Bagaimana cara paslon 1 mengatasi aturan rektorat mengenai jam malam?
Ini juga saya dan Iqbal masih mengkaji perihal jam malam. Ini menjadi keresahan bagi UKM dan Ormawa juga kan, karena kita kuliah sampai sore, baru bisa rapat malam hari. Eh, belum selesai rapat, sudah diusir. Mungkin minta keringananlah kepada pihak universitas terkait jam malam, jangan jam 10. Apalagi kemarin Teater Hijau Lima Satu (THLS) latihan sampai jam satu malem, pas mereka mau ikut Festival Teater Jakarta (FTJ). Mereka mau latihan dimana? Masa mau sewa studio? Kan, keluar duit lagi. Di kampus ada tempat, kenapa gak di kampus saja?
Bagaimana cara paslon 1 meningkatkan budaya kritis dan antusias mahasiswa?

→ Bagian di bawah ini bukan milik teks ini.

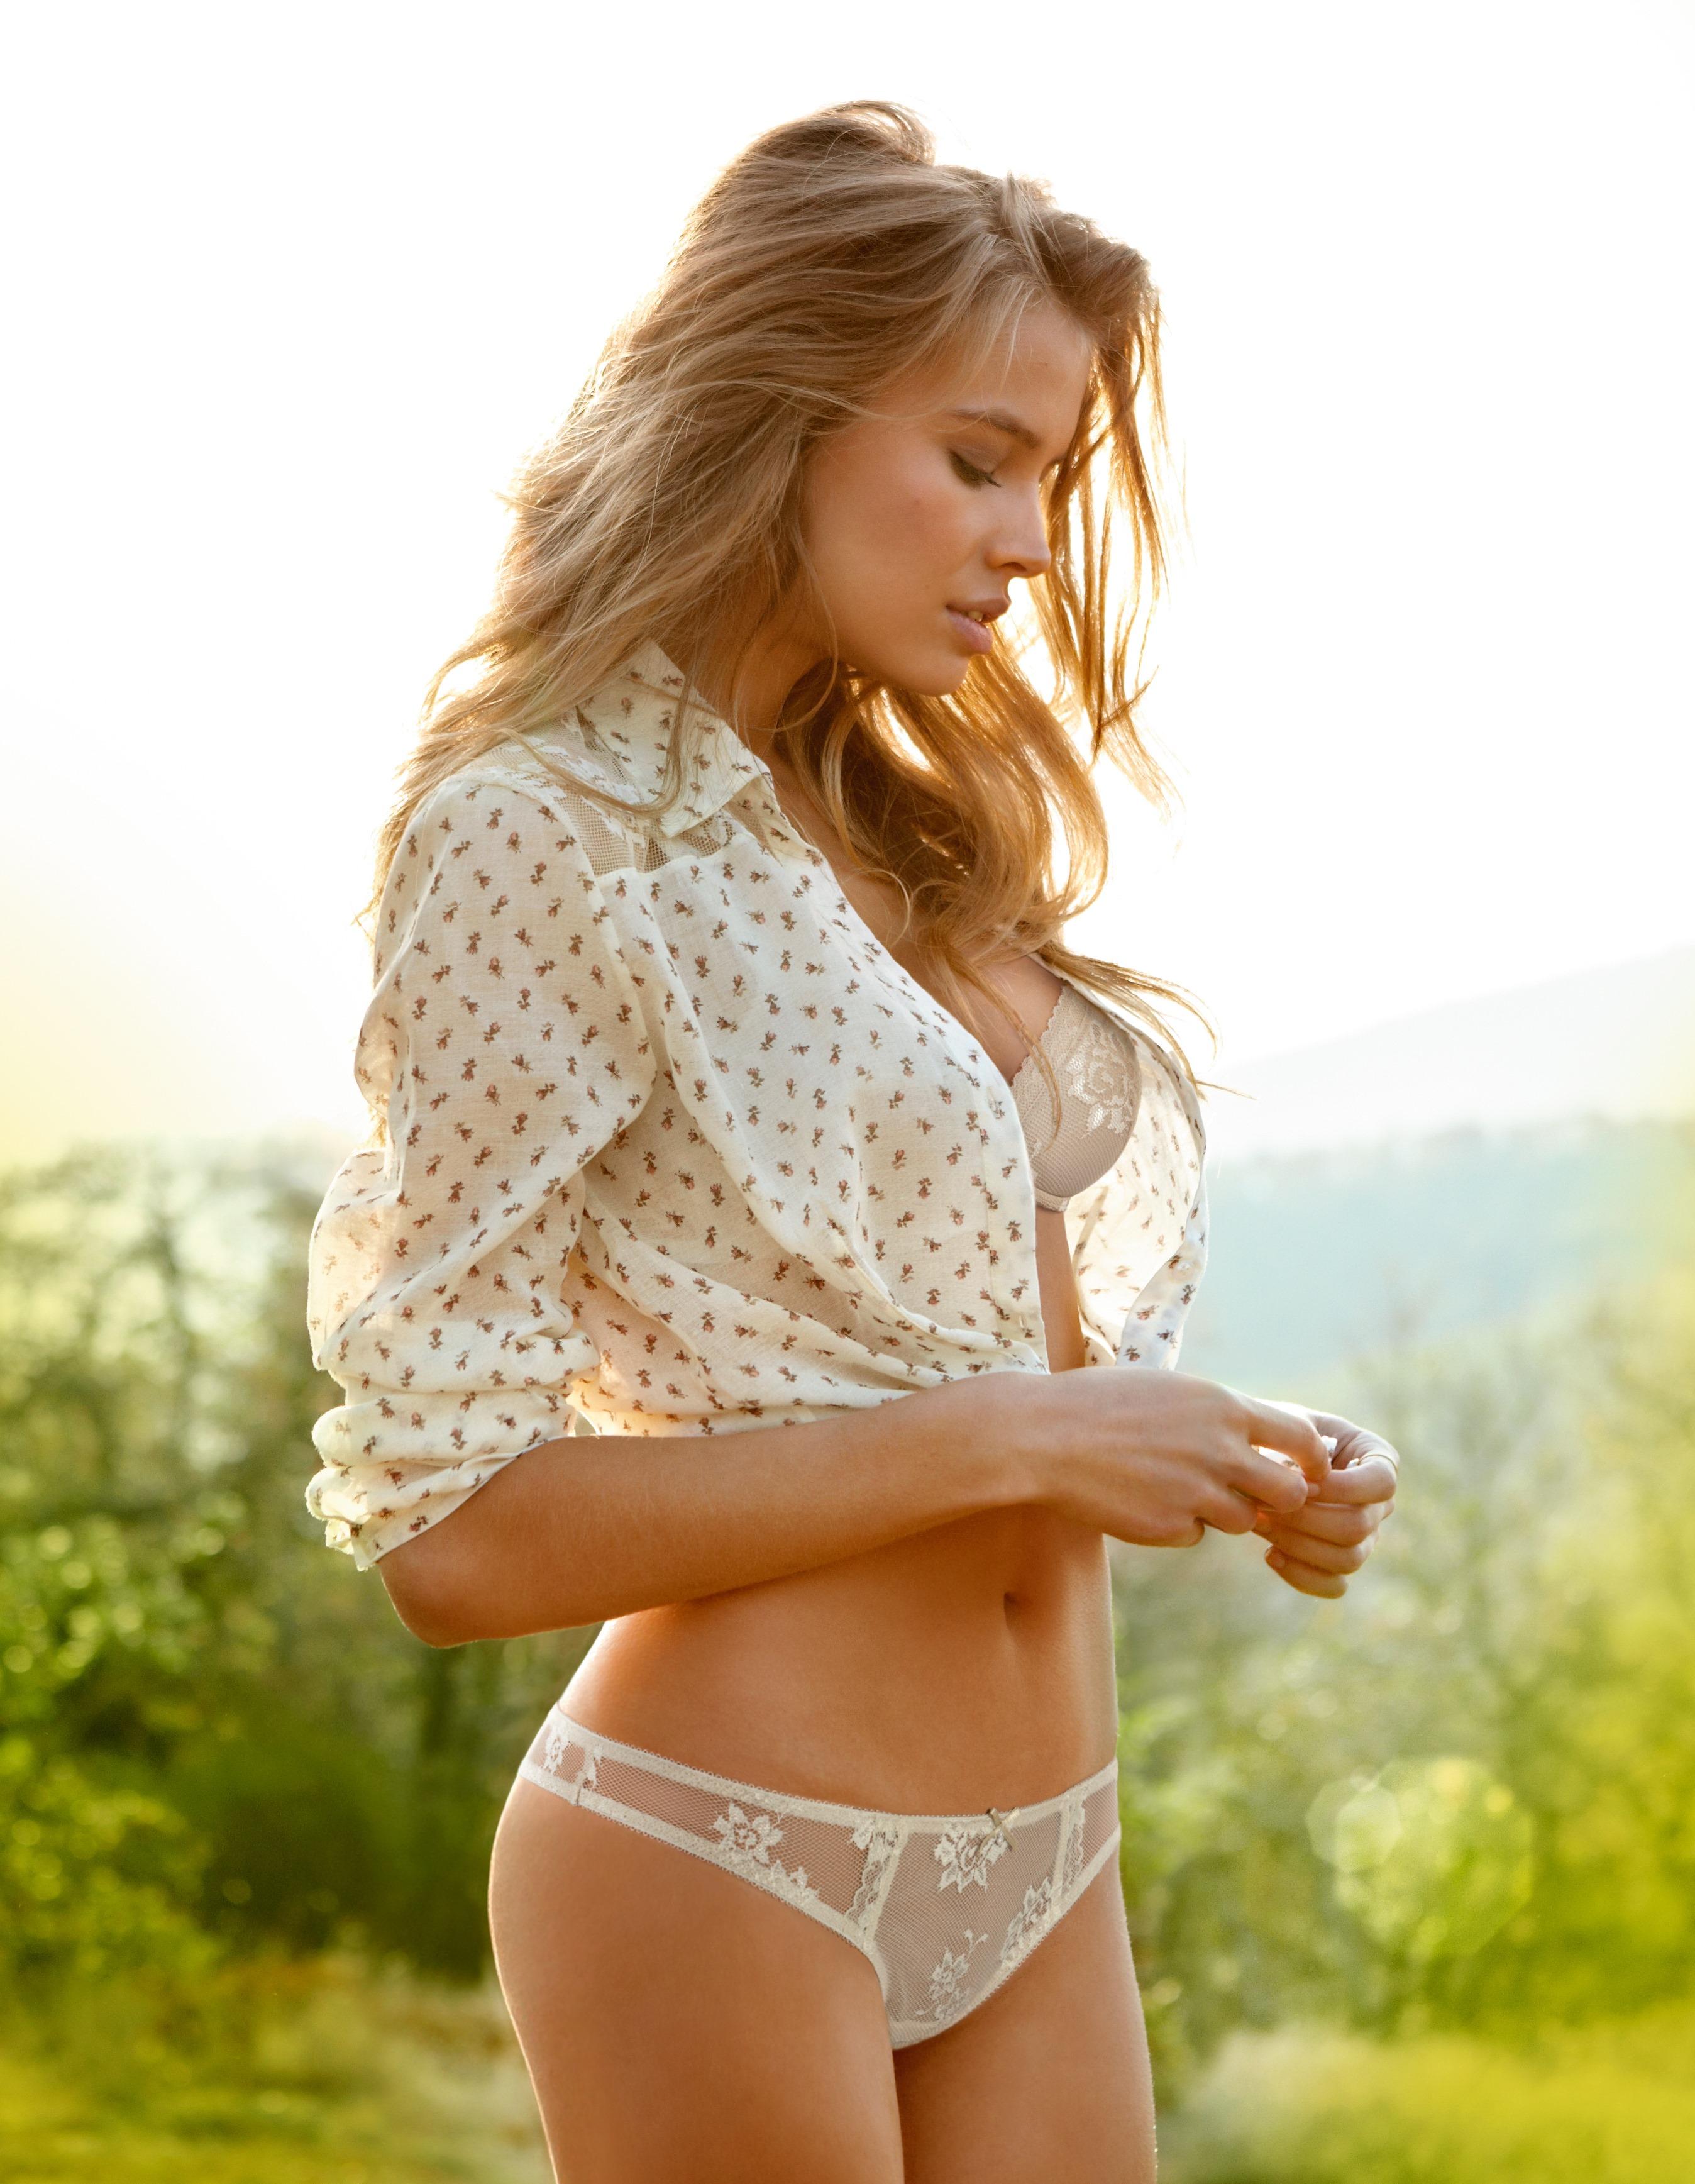 Секс с чувственной русской девочкой 6 фотография

Kita bikin isu-isu yang sama-sama kita rasakan yang menjadi keresahan bersama. Misal isu itu sudah muncul baru kita ajak, kita rangkul. “Lo juga merasakan kan UKT mahal, ayo kita gerak bareng. Uang Pangkal mahal, susah kan bayar 25 juta, lo mau adek-adek lo kayak gini? Ayo, bareng-bareng kita kaji.” Jadi sering-sering merangkul terkait masalah-masalah yang ada di UPNVJ, supaya mereka ikut berkontribusi. Supaya mereka ikut mengaspirasikan suara mereka[.]